Another Saturday, another circuit race and today’s stage is a tough one with steep climbs and twisting descents. It’s not the hardest stage of the Giro but it could be the most difficult, one handling error or a mechanical can spell ruin for the GC contenders.
Stage 13 Review: the day began with the question of whether the sprinters could get over the Colle di Nava with the peloton. That was settled in the affirmative but the surprise was that Romain Bardet couldn’t handle the pace. He’d been ill with gastric problem and as to borrow a French phrase, had “cotton legs” and saw the race ride away from him and with it the chance of a podium finish or better in just over a week’s time.
Four riders got away and they stayed away for a long time, the Colle di Nava meant the chaser couldn’t go too hard for fear of dropping their sprinters and so the escapees could build up a buffer which they kept right into the streets of Cuneo. It wasn’t a hectic sprint but Mark Cavendish had to go around rivals, Fernando Gaviria’s lead out man Max Richeze seemed to launch his own sprint and so all Arnaud Démare had to do was launch his trademark long straight sprint. Easier said than done given the work done already but he made it, just holding off a late charge from Phil Bauhaus.
When many riders win, the feeling is often one of relief more than joy, of a job done, a task completed, there’s more satisfaction than delight. With Démare – who wins a lot – it’s different, he’s often beaming with delight at each win.
The Route: a short stage, just 147km today. There’s a ride out across the plains for 17km and then the climbs start, a gentle one to start with some hairpins on the way down, a bigger one next and then it’s off to tackle the Bric del Pilonetto (bric is local dialect for a hill or mountain) and then a descent to Chieti.
All this is notionally a warm-up before the circuit, there are two laps of a 36km loop. The profile doesn’t do the circuit justice, it seems to be climbing or descending all the time and often twisting and turning, the only recovery section is the flat run through the city of Turin.
The Superga climb’s been used many times for the finish of the Milano-Torino classic and is a tough climb – but there’s harder to come – and this time it’s not a summit finish to the Basilica, instead the race tips down. From here the road chosen here is wider but still has blind bends before crossing the Col d’Arsete (a dip and not a climb here) and around to the start of the next climb with more twisting descending. Then comes a right turn on to a narrow backroad…
The road is much narrower but there are straight sections at first, then comes the really steep part and that 20% section is no exaggeration taken on the inside line of a hairpin it’s a real ramp between bends. It eases off as the profile shows to the Colle Della Maddalena, more a peak than a pass and the descent is on bigger roads.

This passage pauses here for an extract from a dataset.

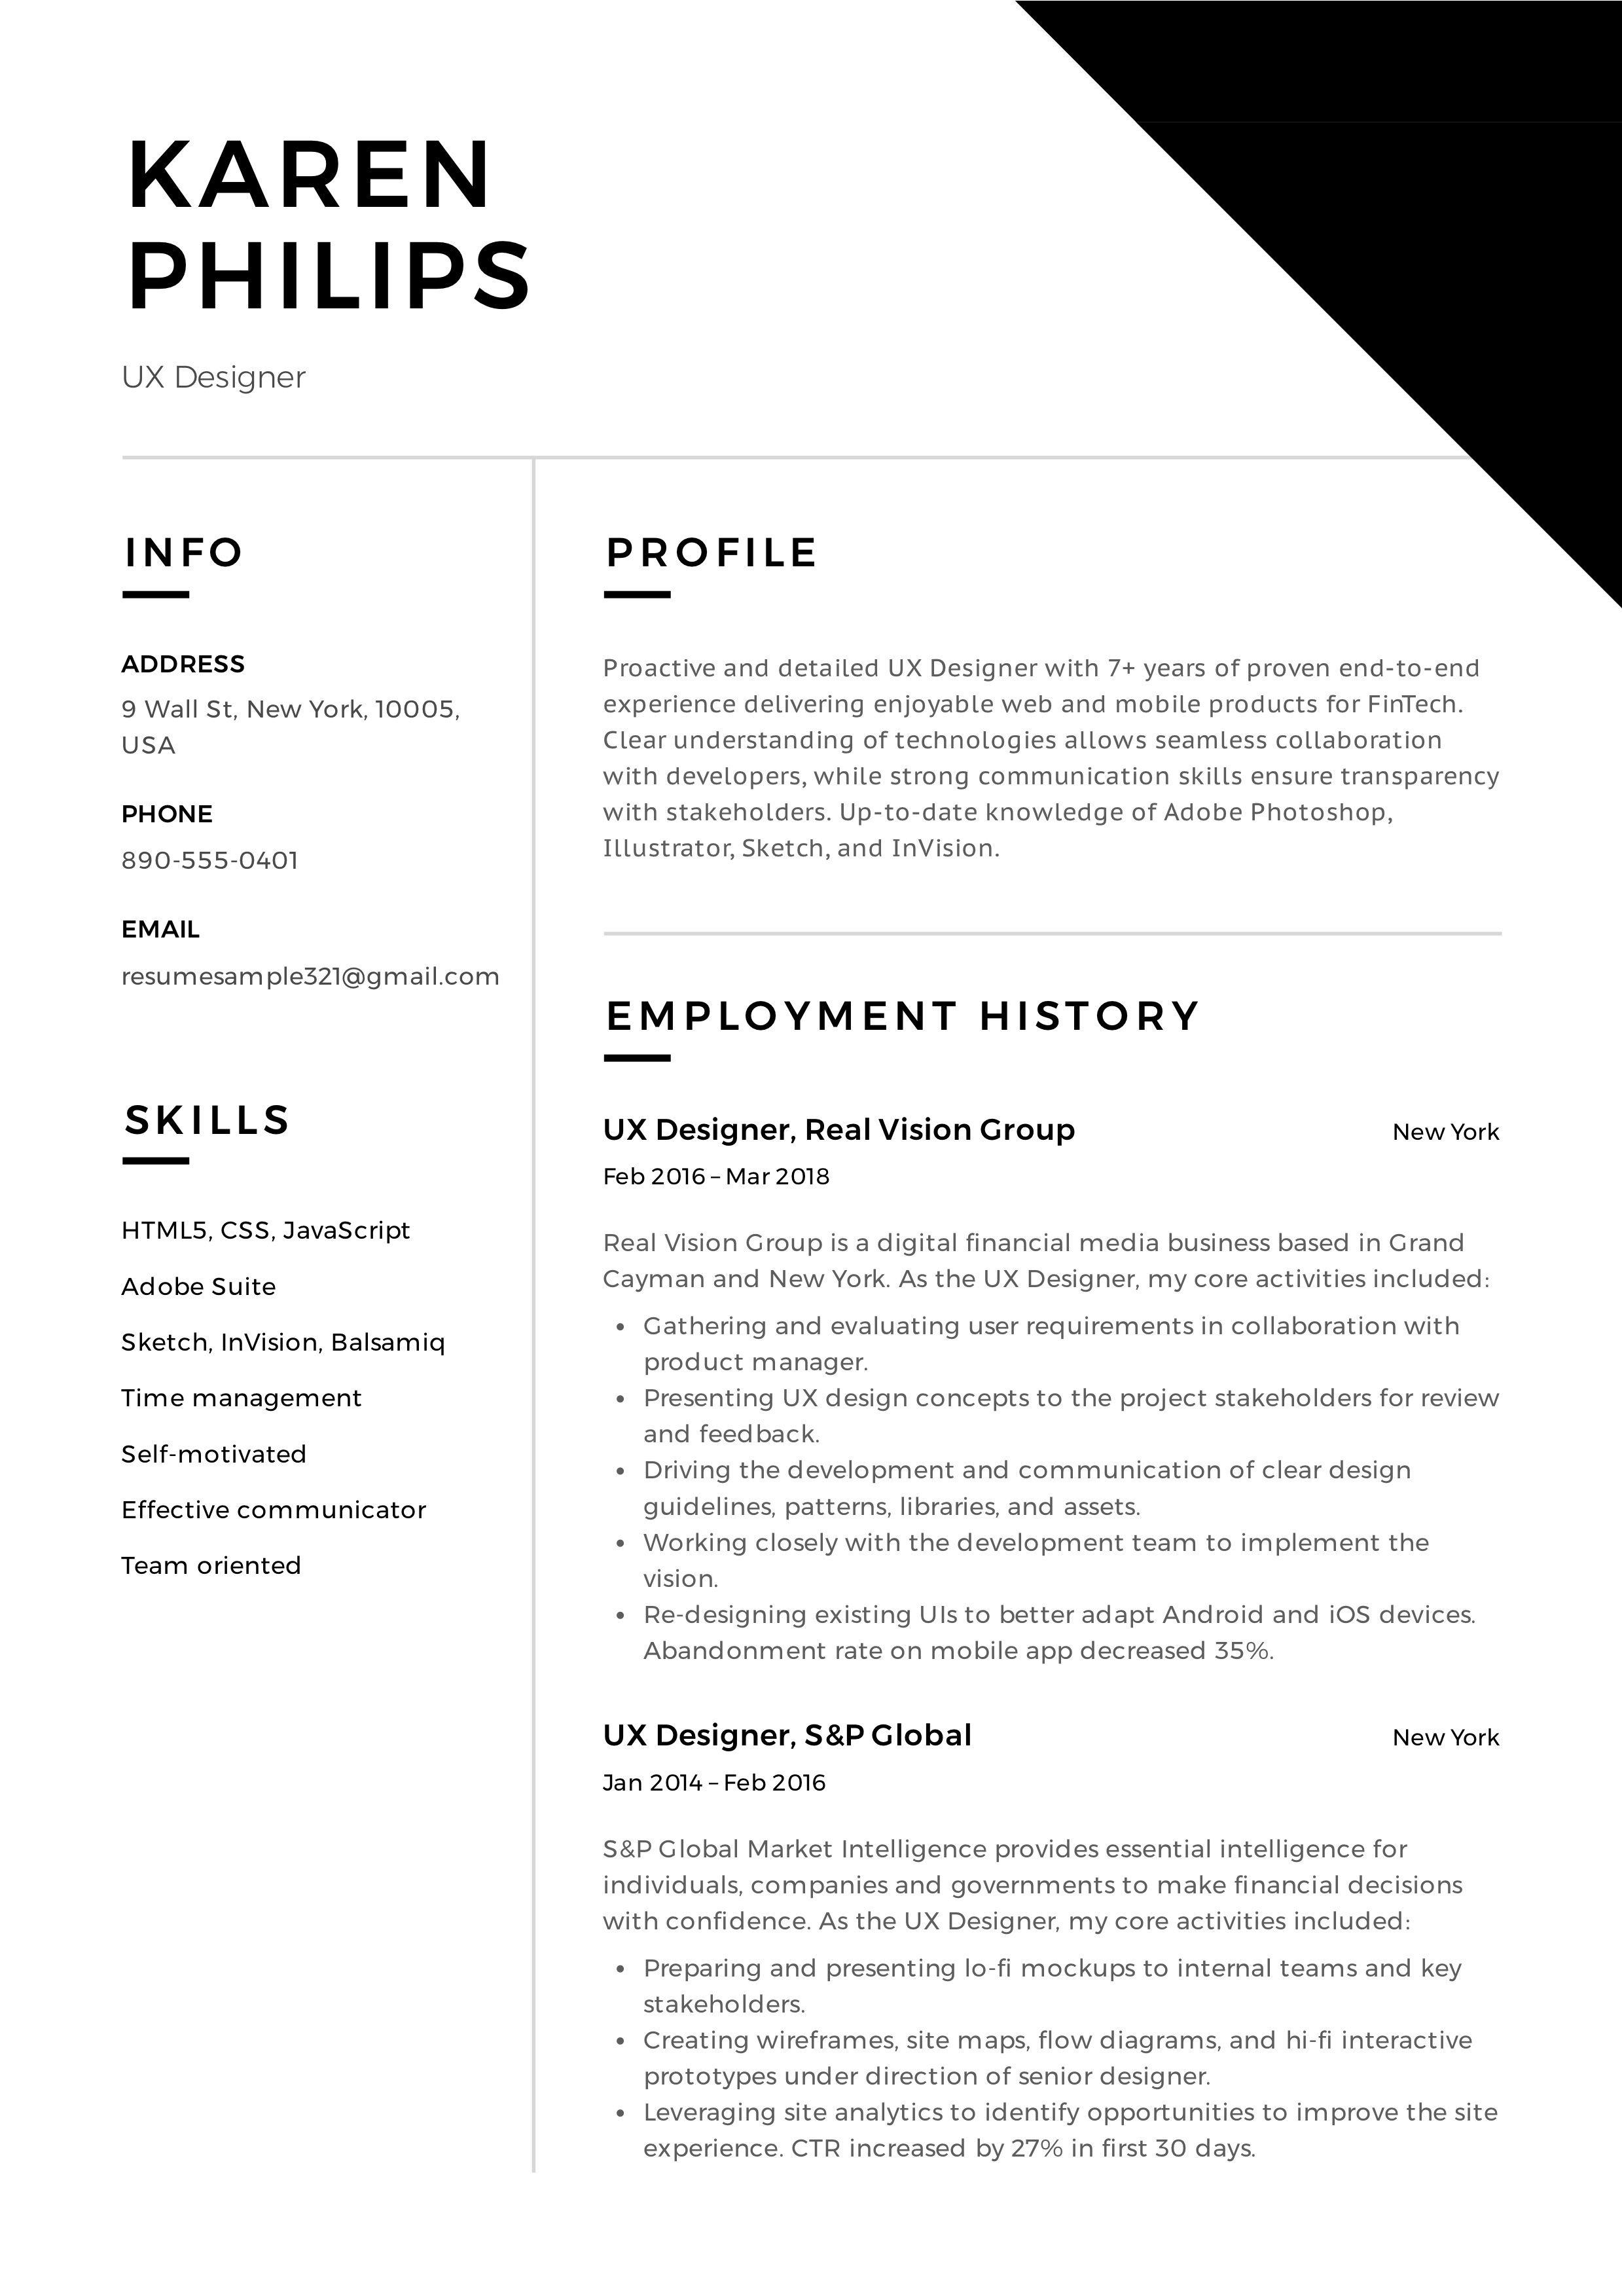 Ux Designer Resume Example Resume Examples Job Resume Examples Basic Resume Examples

There’s a small climb on the way down and then it descends via hairpin bends down to the Po river banks in Turin.
The Finish: downhill through the flamme rouge before it flattens out for the finish.
The Contenders: a breakaway or the GC riders? Simon Yates (BikeExchange-Jayco) might tick both boxes as someone with the form for GC who can go in the break today but the state of his knee and the hot temperatures might be problems and he might find tomorrow’s stage is easier to win, it’s more straightforward.
Wout Poels (Bahrain) fits the bill, he can handle the climbs and isn’t a GC threat. Lennard Kämna (Bora-hansgrohe) isn’t as punchy for the climbs but seems in good form. Bauke Mollema (Trek-Segafredo) is an obvious breakaway pick but he might not have the high octane punch for today, tomorrow suits more.
Among the GC candidates it’s a hard pick as well, they’re likely to come in to Turin together so João Almedia (UAE) might have a good sprint while Pello Bilbao (Bahrain) is ideal too.
|Yates, Poels, Kämna|
|Bilbao, Buitrago, Peters, Covi, Caicedo|
Weather: warm and sunny, 29°C.
TV: the stage starts at 1.15pm and the finish is forecast for 5.15pm CEST. This could be worth watching in full, especially as tomorrow’s stage into the Alps lends itself to a team that wants to control the race, today promises to be wilder.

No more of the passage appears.